Eventually, she realized whatever was producing these rays was happening at an atomic level, an important first step to discovering that atoms weren’t the smallest form of matter. It was a defining moment for what Curie would eventually call radioactivity.
Around the same time, Curie met and married her French husband, Pierre, an accomplished physicist who abandoned his own work and joined his wife’s research. The two started examining minerals containing uranium and pitchblende, a uranium-rich ore, and realized the latter was four times more radioactive than pure uranium. They reasoned some other element must be in the mix, sending those radioactive levels through the roof. And they were right: After processing literally tons of pitchblende, they discovered a new element and named it polonium, after Marie’s native Poland.

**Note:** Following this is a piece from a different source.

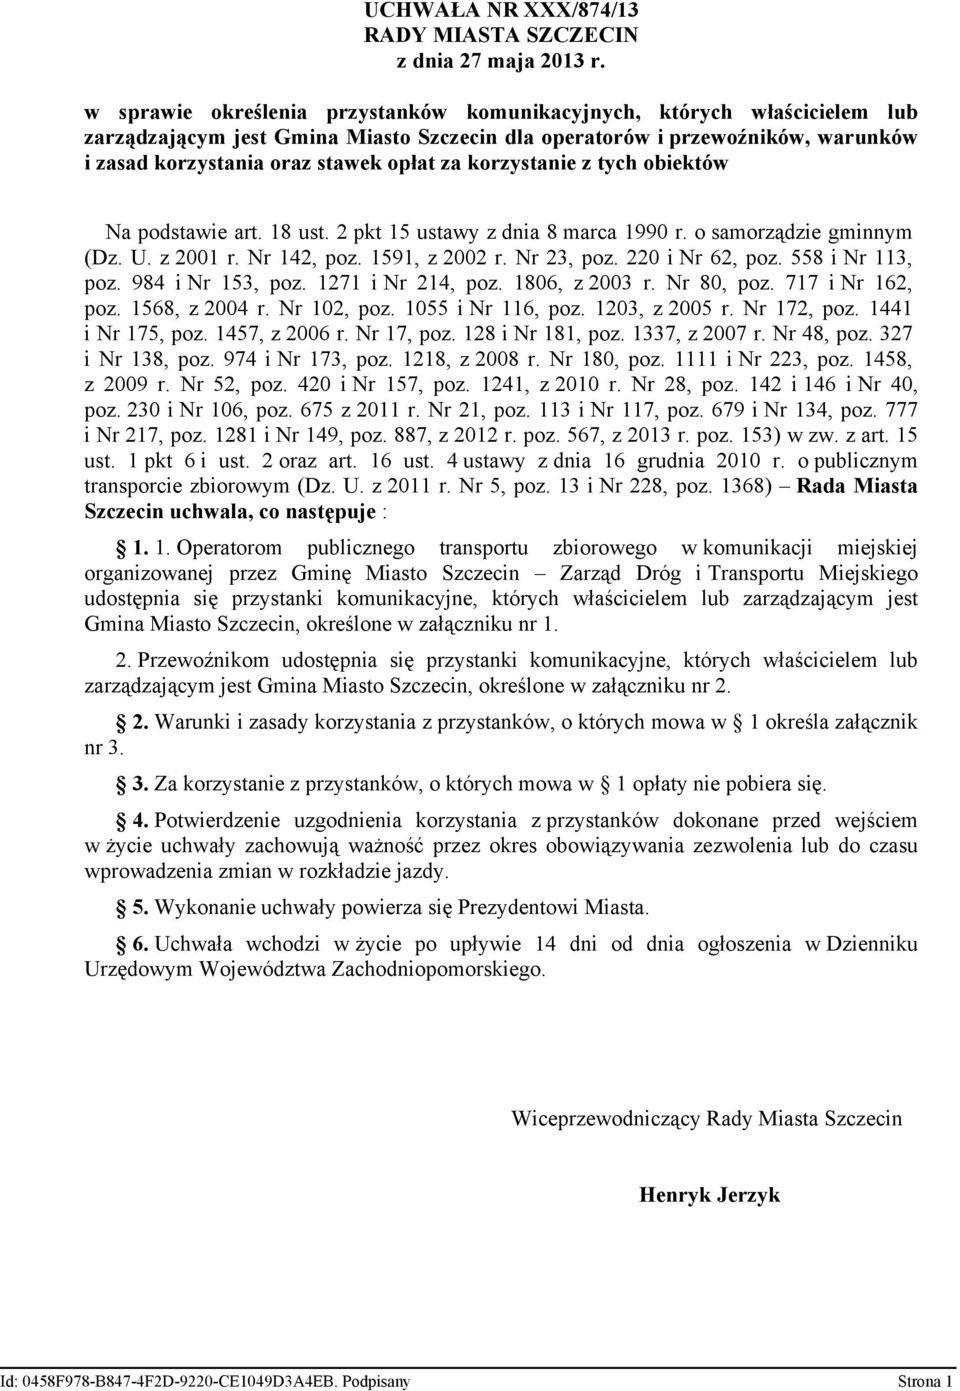 UCHWAŁA NR XXX/874/13 RADY MIASTA SZCZECIN z dnia 27 maja 2013 r. - PDF  Darmowe pobieranie

They published a paper in July 1898, revealing the find. And just five months later, they announced their discovery of yet another element, radium, found in trace amounts in uranium ore.
In 1903, Curie, her husband and Becquerel won the Nobel Prize in Physics for their work on radioactivity, making Curie the first woman to win a Nobel.
Tragedy struck just three years later. Pierre, who had recently accepted a professorship at the University of Paris, died suddenly after a carriage accident. Curie was devastated by his death.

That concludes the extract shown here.